I would just map to pair using the id. Then do a reduceByKey where you compare the scores and keep the highest. Then do .values and that should do it.
Sent from my iPhone
> On Jan 11, 2020, at 11:14 AM, Rishi Shah <ri...@gmail.com> wrote:
>
>
> Thanks everyone for your contribution on this topic, I wanted to check-in to see if anyone has discovered a different or have an opinion on better approach to deduplicating data using pyspark. Would really appreciate any further insight on this.
>
> Thanks,
> -Rishi
>
>> On Wed, Jun 12, 2019 at 4:21 PM Yeikel <em...@yeikel.com> wrote:
>> Nicholas , thank you for your explanation.
>>
>> I am also interested in the example that Rishi is asking for. I am sure
>> mapPartitions may work , but as Vladimir suggests it may not be the best
>> option in terms of performance.
>>
>> @Vladimir Prus , are you aware of any example about writing a "custom
>> physical exec operator"?
>>
>> If anyone needs a further explanation for the follow up question Rishi
>> posted , please see the example below :
>>
>>
>> import org.apache.spark.sql.types._
>> import org.apache.spark.sql.Row
>>
>>
>> val someData = Seq(
>> Row(1, 10),
>> Row(1, 20),
>> Row(1, 11)
>> )
>>
>> val schema = List(
>> StructField("id", IntegerType, true),
>> StructField("score", IntegerType, true)
>> )
>>
>> val df = spark.createDataFrame(
>> spark.sparkContext.parallelize(someData),
>> StructType(schema)
>> )
>>
>> // Goal : Drop duplicates using the "id" as the primary key and keep the
>> highest "score".
>>
>> df.sort($"score".desc).dropDuplicates("id").show
>>
>> == Physical Plan ==
>> *(2) HashAggregate(keys=[id#191], functions=[first(score#192, false)])

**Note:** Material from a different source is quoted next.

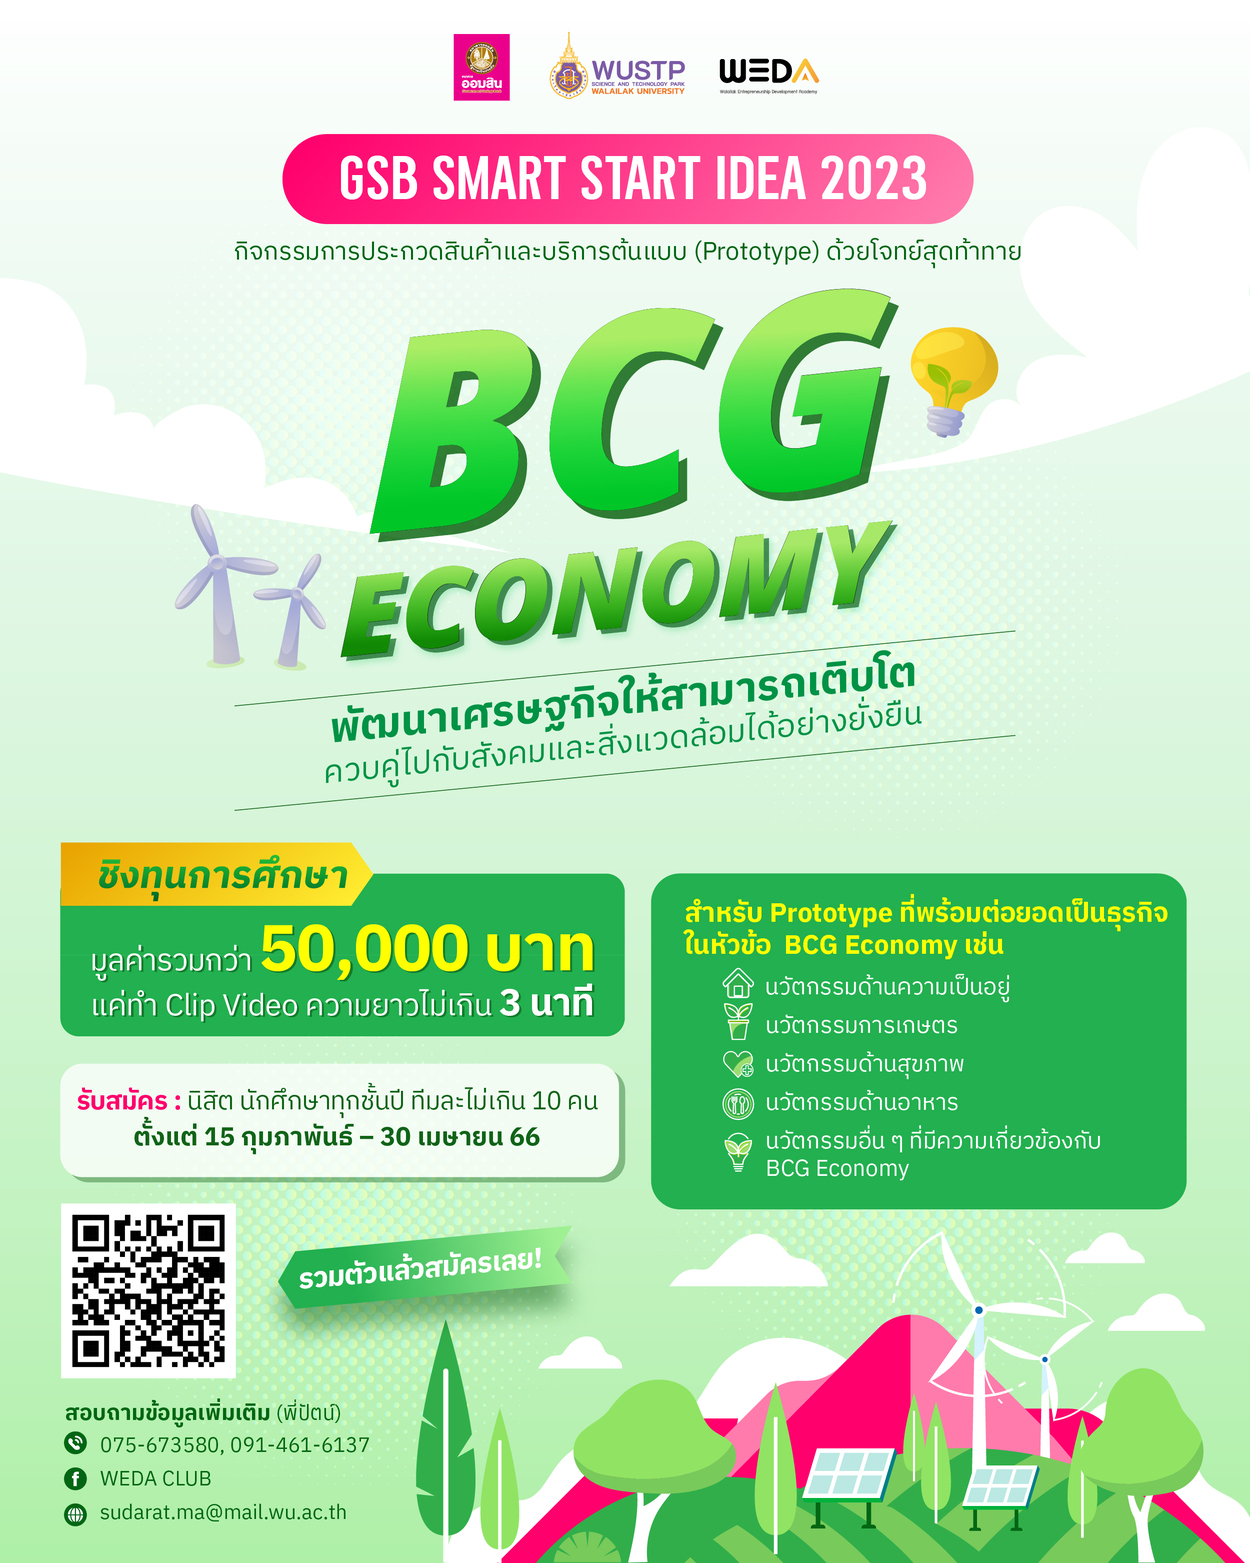 แก้ล่าสุด GSB Smart Start Idea

>> +- Exchange hashpartitioning(id#191, 200)
>> +- *(1) HashAggregate(keys=[id#191], functions=[partial_first(score#192,
>> false)])
>> +- *(1) Sort [score#192 DESC NULLS LAST], true, 0
>> +- Exchange rangepartitioning(score#192 DESC NULLS LAST, 200)
>> +- Scan ExistingRDD[id#191,score#192]
>>
>> This seems to work , but I don't know what are the implications if we use
>> this approach with a bigger dataset or what are the alternatives. From the
>> explain output I can see the two Exchanges , so it may not be the best
>> approach?
>>
>>
>>
>>
>>
>>
>>
>> --
>> Sent from: http://apache-spark-user-list.1001560.n3.nabble.com/
>>
>> ---------------------------------------------------------------------
>> To unsubscribe e-mail: user-unsubscribe@spark.apache.org
>>
>
>
> --
> Regards,
>
> Rishi Shah